* [EXERCISE MATERIALS]:
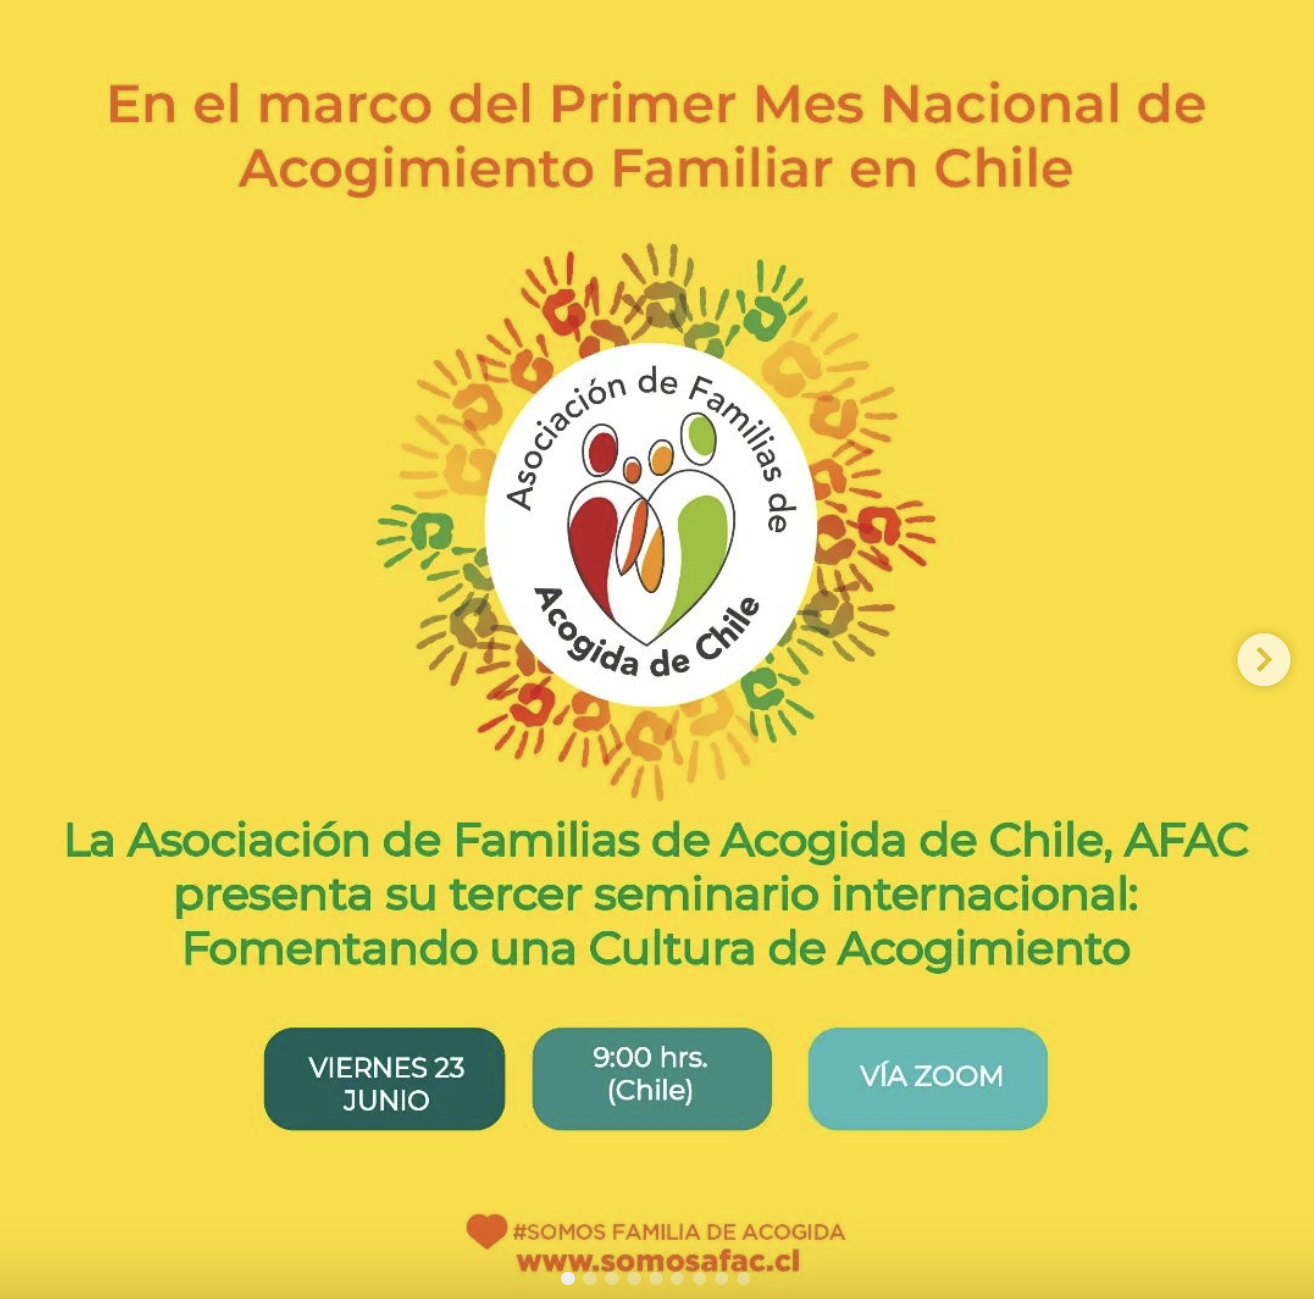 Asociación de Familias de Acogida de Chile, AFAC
---
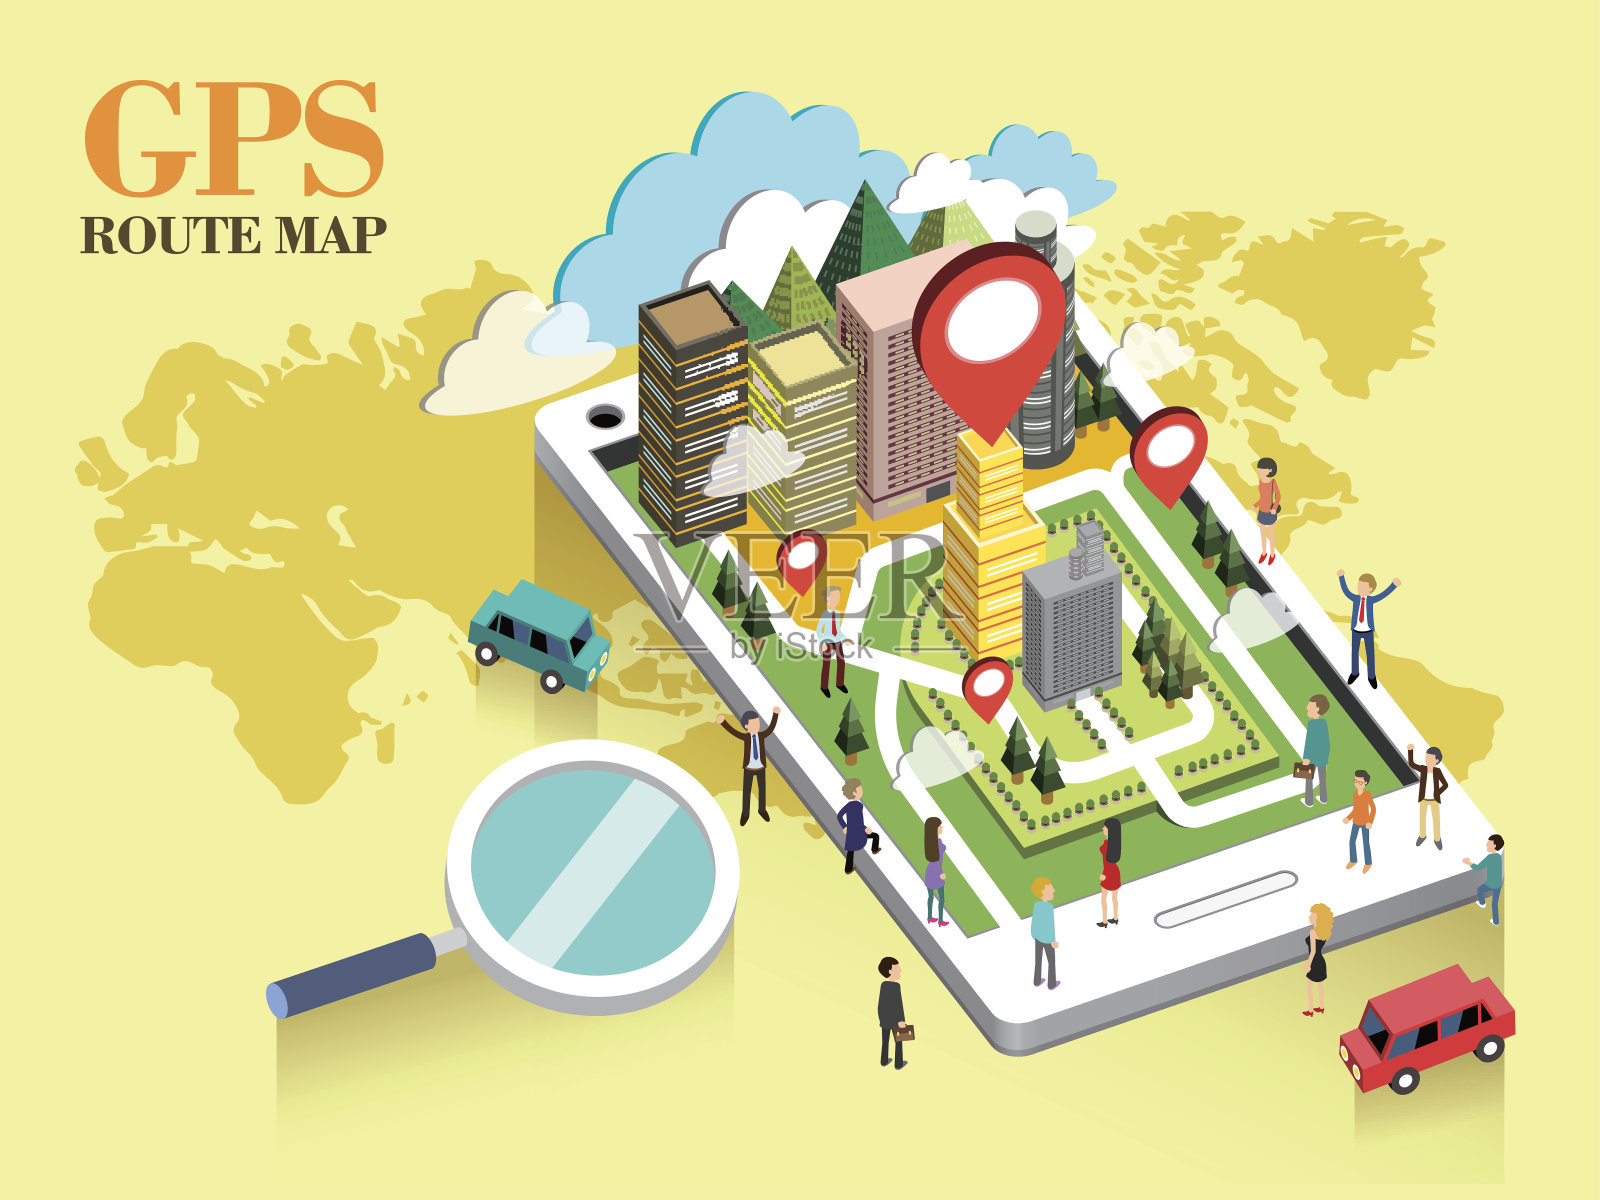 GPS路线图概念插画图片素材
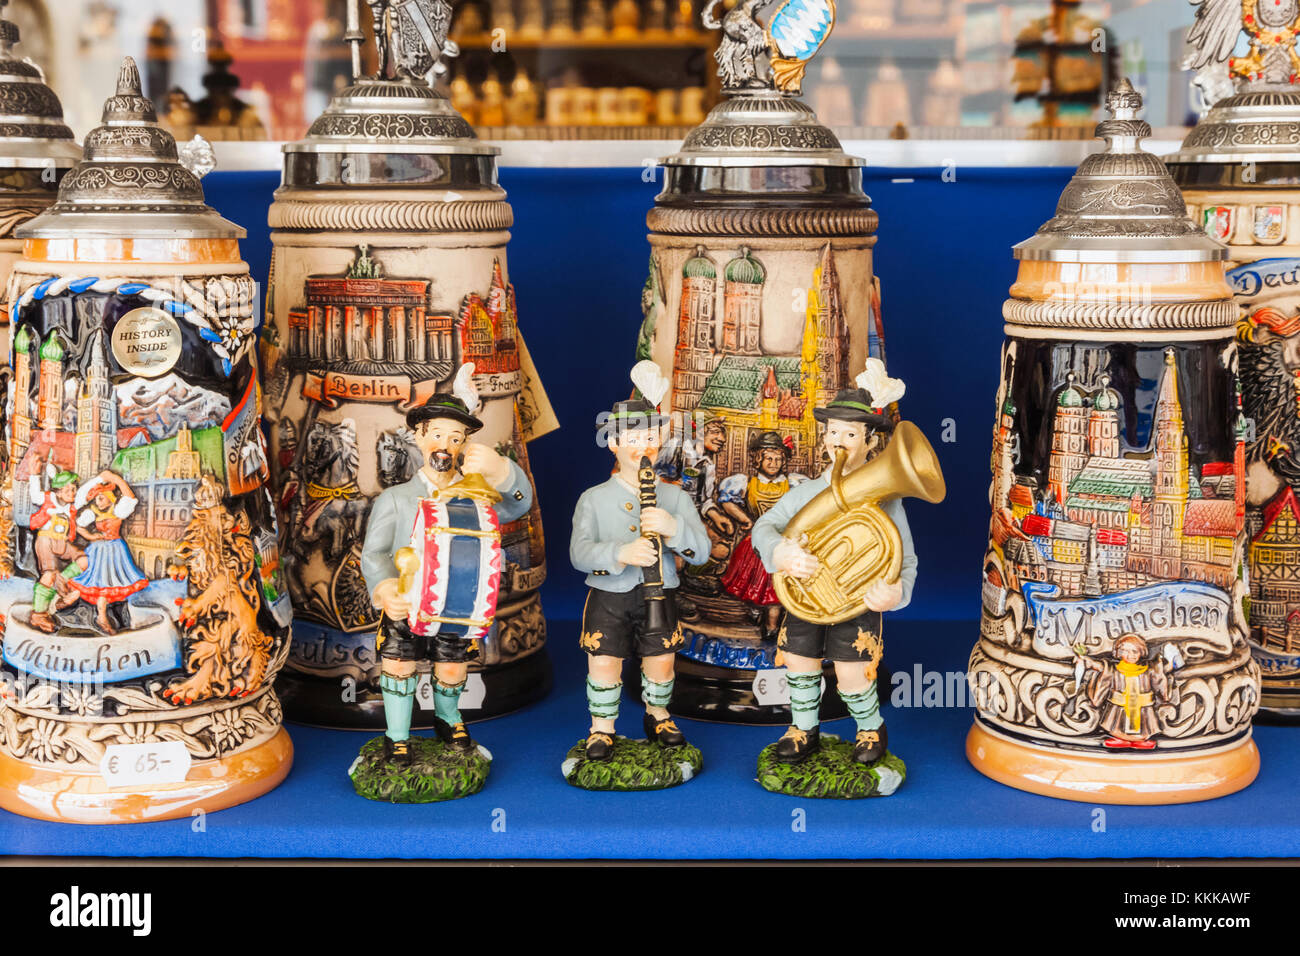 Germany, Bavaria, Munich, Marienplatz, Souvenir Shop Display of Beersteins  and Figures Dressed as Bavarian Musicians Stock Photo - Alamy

* [TASK PROMPT]:
Quote word for word only the lines above from the one containing "GPS路线图概念插画图片素材" through the one containing "Germany, Bavaria, Munich, Marienplatz, Souvenir". Pictures stay out of your copy.

* [RESULT OF THE TASK]:
 GPS路线图概念插画图片素材
 Germany, Bavaria, Munich, Marienplatz, Souvenir Shop Display of Beersteins  and Figures Dressed as Bavarian Musicians Stock Photo - Alamy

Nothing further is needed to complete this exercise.